First, I checked out the source:

No Format

svn co https://svn.apache.org/repos/asf/incubator/spamassassin/trunk
cd trunk
perl Makefile.PL 
make
cd masses

get pgapack and install as "masses/pgapack". I just scp'd in an already-built tree I had here.
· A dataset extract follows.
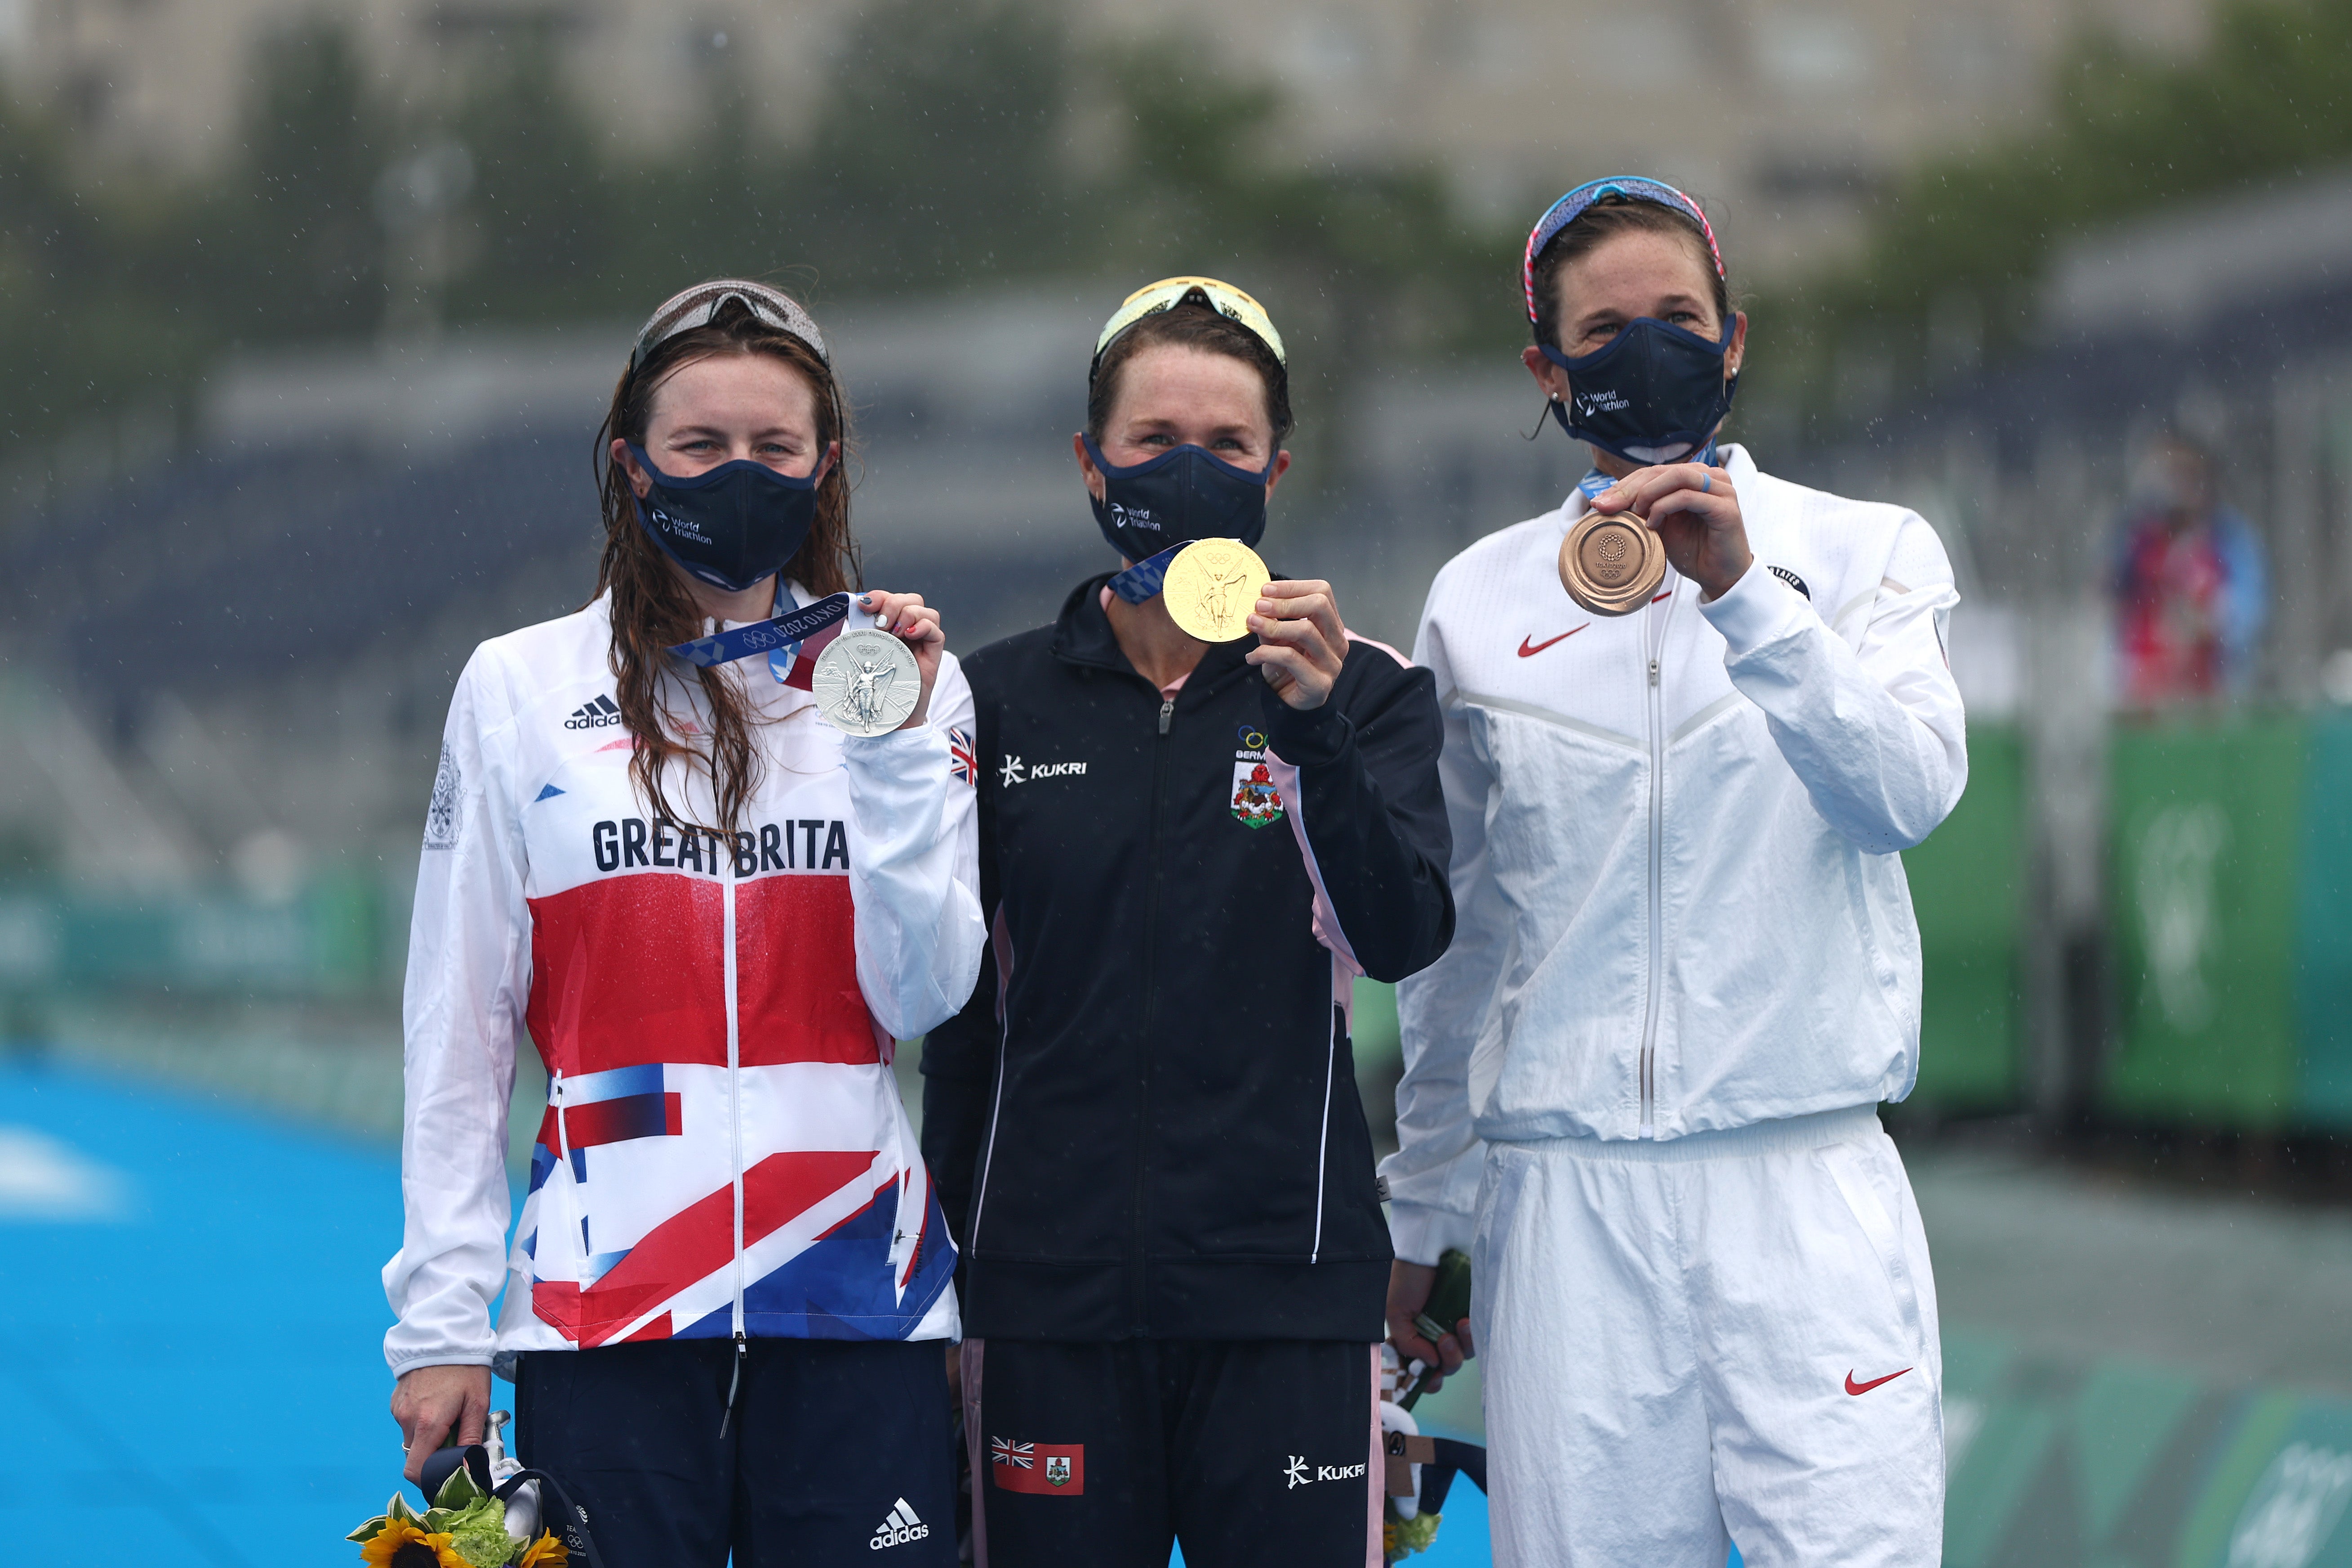 Flora Duffy won triathlon gold at Tokyo 2020 ahead of Georgia Taylor-Brown
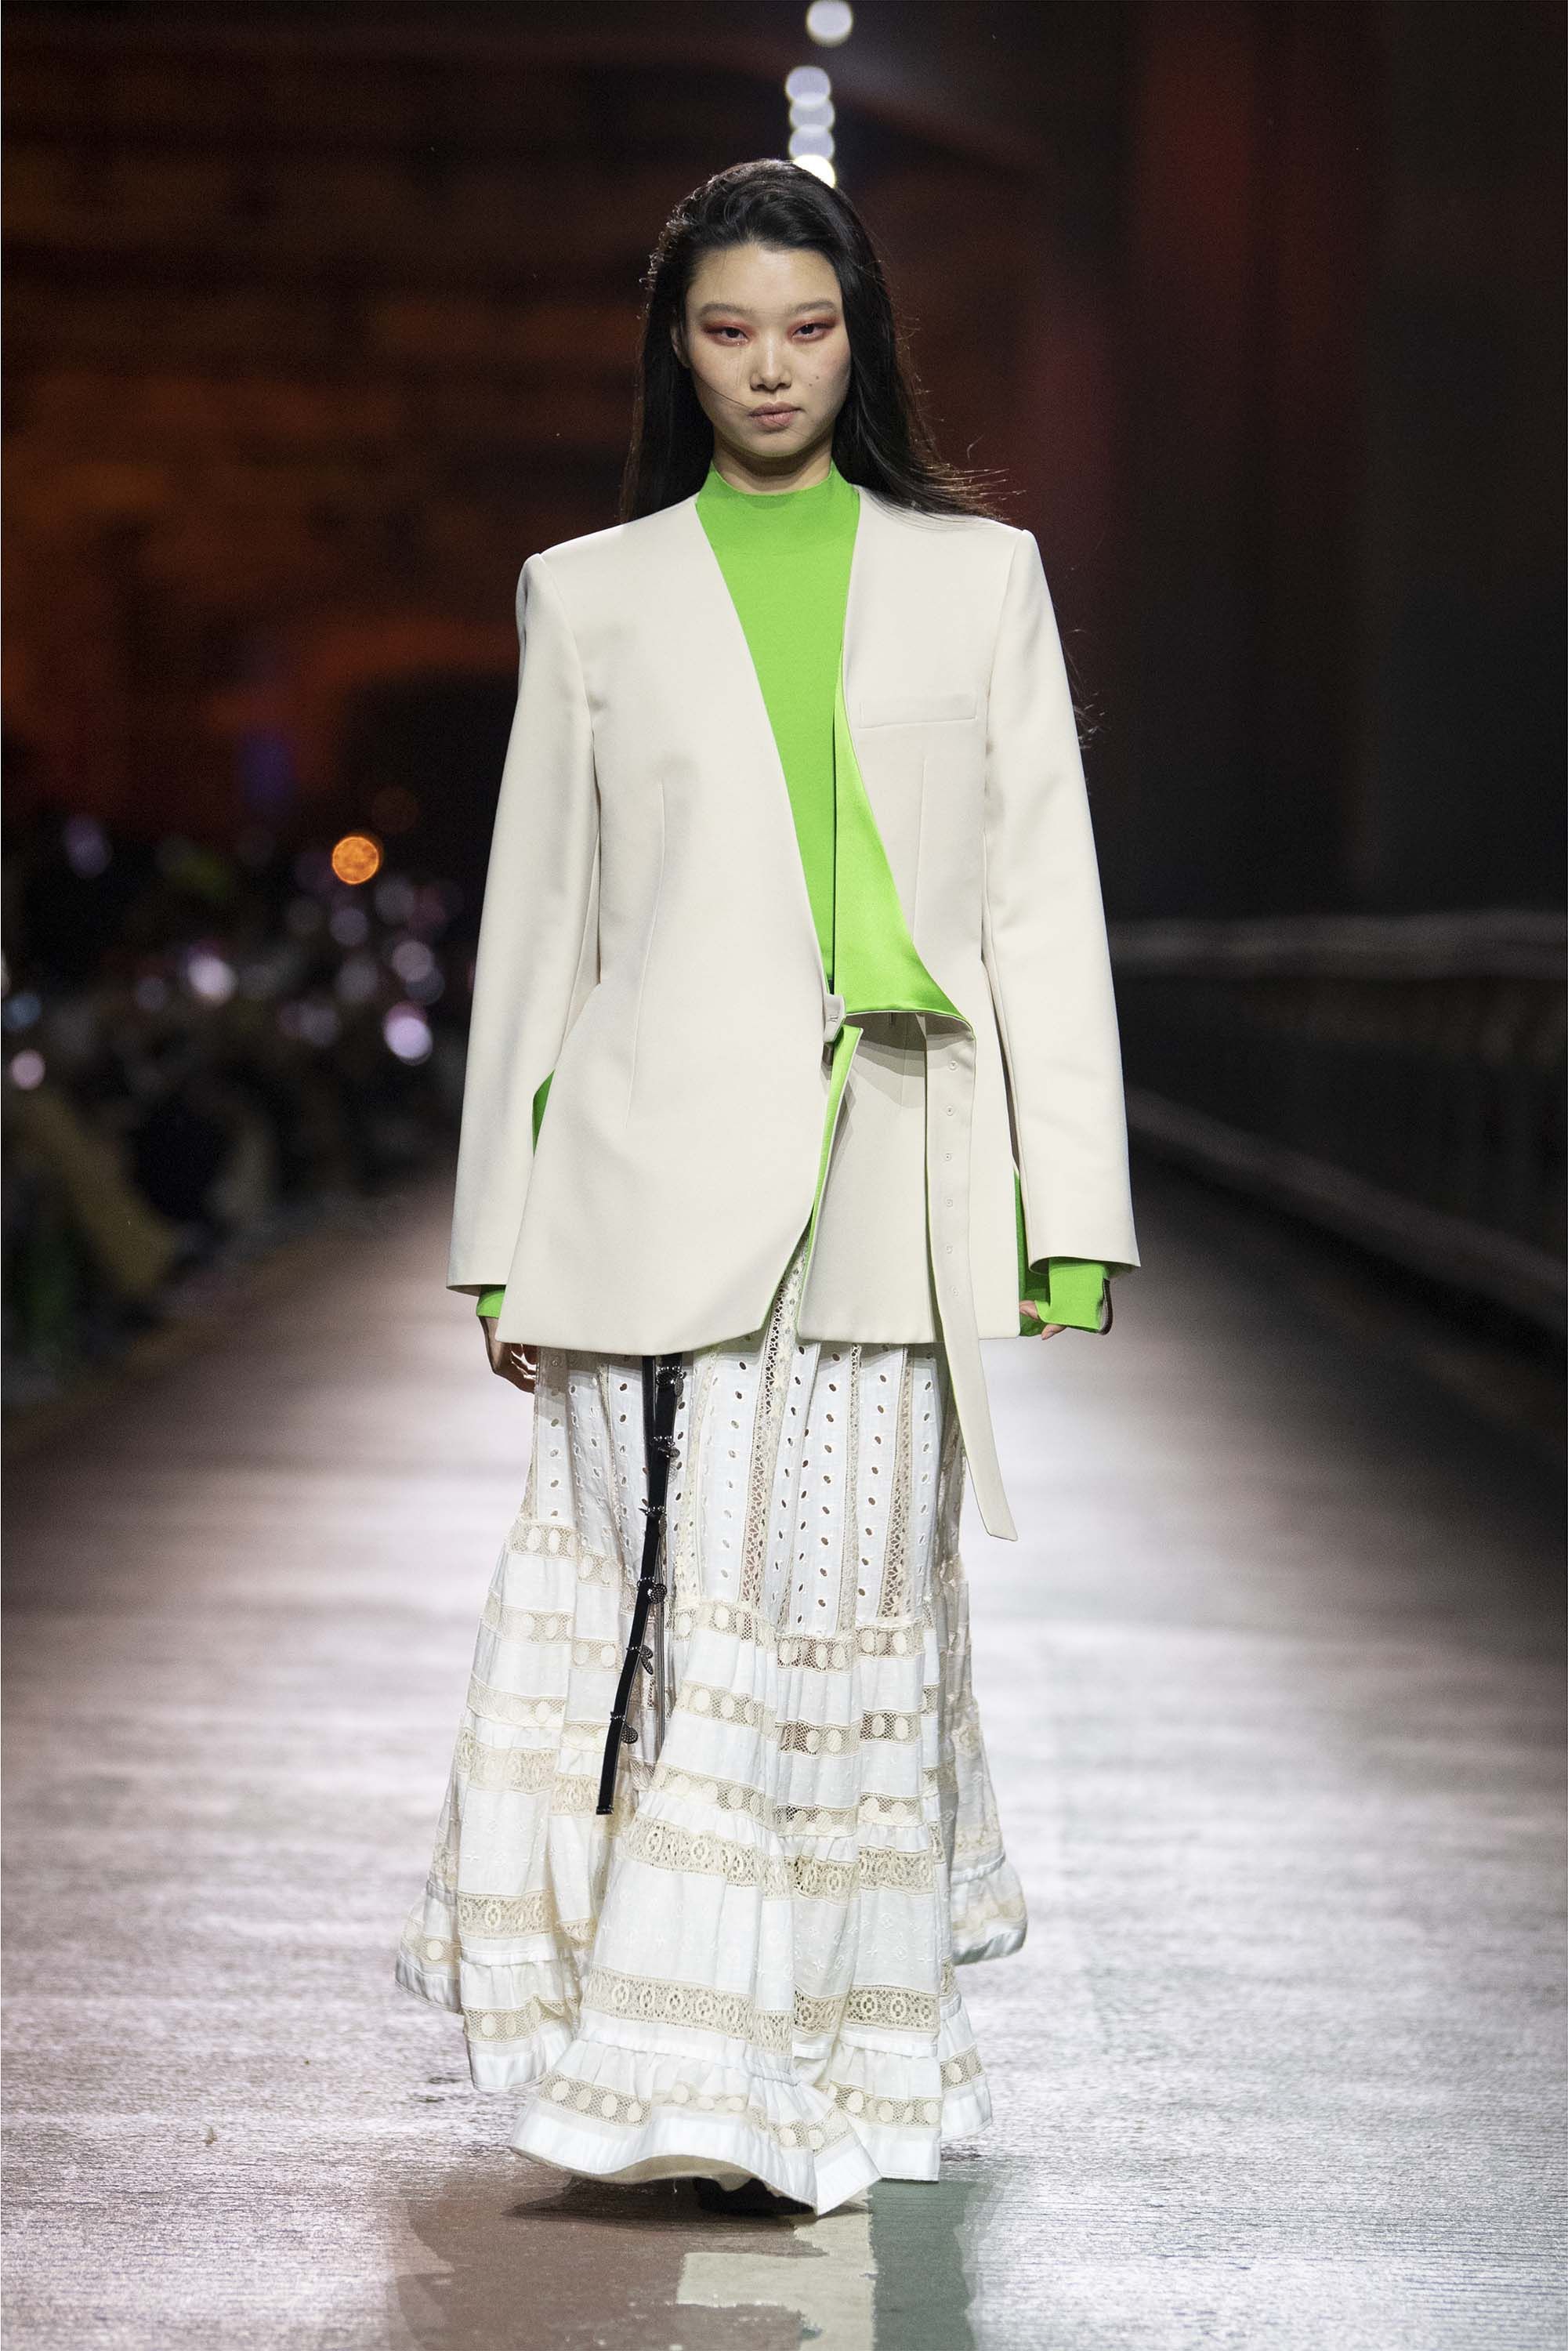 Louis Vuitton Seoul Women's Fashion Show Highlights

use the set-0 logs from the 2.60 GA run – taken from the rsync repository:

No Format

wc -l /home/corpus-rsync/corpus/Obsolete/submit-2.60-GA-run1/ham-set0.log \
      /home/corpus-rsync/corpus/Obsolete/submit-2.60-GA-run1/spam-set0.log
 210442 /home/corpus-rsync/corpus/Obsolete/submit-2.60-GA-run1/ham-set0.log
 354479 home/corpus-rsync/corpus/Obsolete/submit-2.60-GA-run1/spam-set0.log

we want about 2k in each bucket, otherwise it'll take weeks to complete. use split-logs-into-buckets to juggle the log files in blocks of 10% to get the ratio and size to around 2k:2k.

ham buckets first:

No Format

./tenpass/split-log-into-buckets 10 \
    < /home/corpus-rsync/corpus/Obsolete/submit-2.60-GA-run1/ham-set0.log
mv split-1.log new
./tenpass/split-log-into-buckets 10 < new
wc -l split-1.log
   2104 split-1.log

much better!

No Format

mv split-*.log ../../logs/nonspam-jm/

./tenpass/split-log-into-buckets 10 \
    < /home/corpus-rsync/corpus/Obsolete/submit-2.60-GA-run1/spam-set0.log
mv split-1.log new
wc -l new
  35437 new

given this, we want 6 of the 10 logfiles to make 21264 lines, which would result in a roughly even ham:spam ratio for testing. let's do that.

No Format

cat split-{1,2,3,4,5,6}.log > new
./tenpass/split-log-into-buckets 10 < new
wc -l split-1.log
   2126 split-1.log

perfect!

No Format

mv split-*.log ../../logs/spam-jm/

and doublecheck the log sizes:

No Format

wc -l ../../logs/*/*.log
   2104 ../../logs/nonspam-jm/split-1.log
   2103 ../../logs/nonspam-jm/split-10.log
   2106 ../../logs/nonspam-jm/split-2.log
   2103 ../../logs/nonspam-jm/split-3.log
   2102 ../../logs/nonspam-jm/split-4.log
   2105 ../../logs/nonspam-jm/split-5.log
   2102 ../../logs/nonspam-jm/split-6.log
   2103 ../../logs/nonspam-jm/split-7.log
   2103 ../../logs/nonspam-jm/split-8.log
   2104 ../../logs/nonspam-jm/split-9.log
   2126 ../../logs/spam-jm/split-1.log
   2127 ../../logs/spam-jm/split-10.log
   2126 ../../logs/spam-jm/split-2.log
   2126 ../../logs/spam-jm/split-3.log
   2128 ../../logs/spam-jm/split-4.log
   2126 ../../logs/spam-jm/split-5.log
   2126 ../../logs/spam-jm/split-6.log
   2126 ../../logs/spam-jm/split-7.log
   2126 ../../logs/spam-jm/split-8.log
   2125 ../../logs/spam-jm/split-9.log
  42297 total

looks fine.

Next step was to ensure the scores in ../rules are usable for the GA. I did this by grepping out all the rules that had scores of 0 in the tested score-set (score-set 0), and creating a new file called ../rules/99_ga_workaround_scores.cf containing lines like so:

No Format

   score NAME_OF_RULE_1   0.0001
   score NAME_OF_RULE_2   0.0001
   score NAME_OF_RULE_3   0.0001
...

This is necessary so that the mass-check log files, which were generated using the same ruleset but possibly with some rules enabled where they are now disabled, will still be useful; this way, all rules in the ruleset are again enabled, and will be considered by the GA as candidates for evolution.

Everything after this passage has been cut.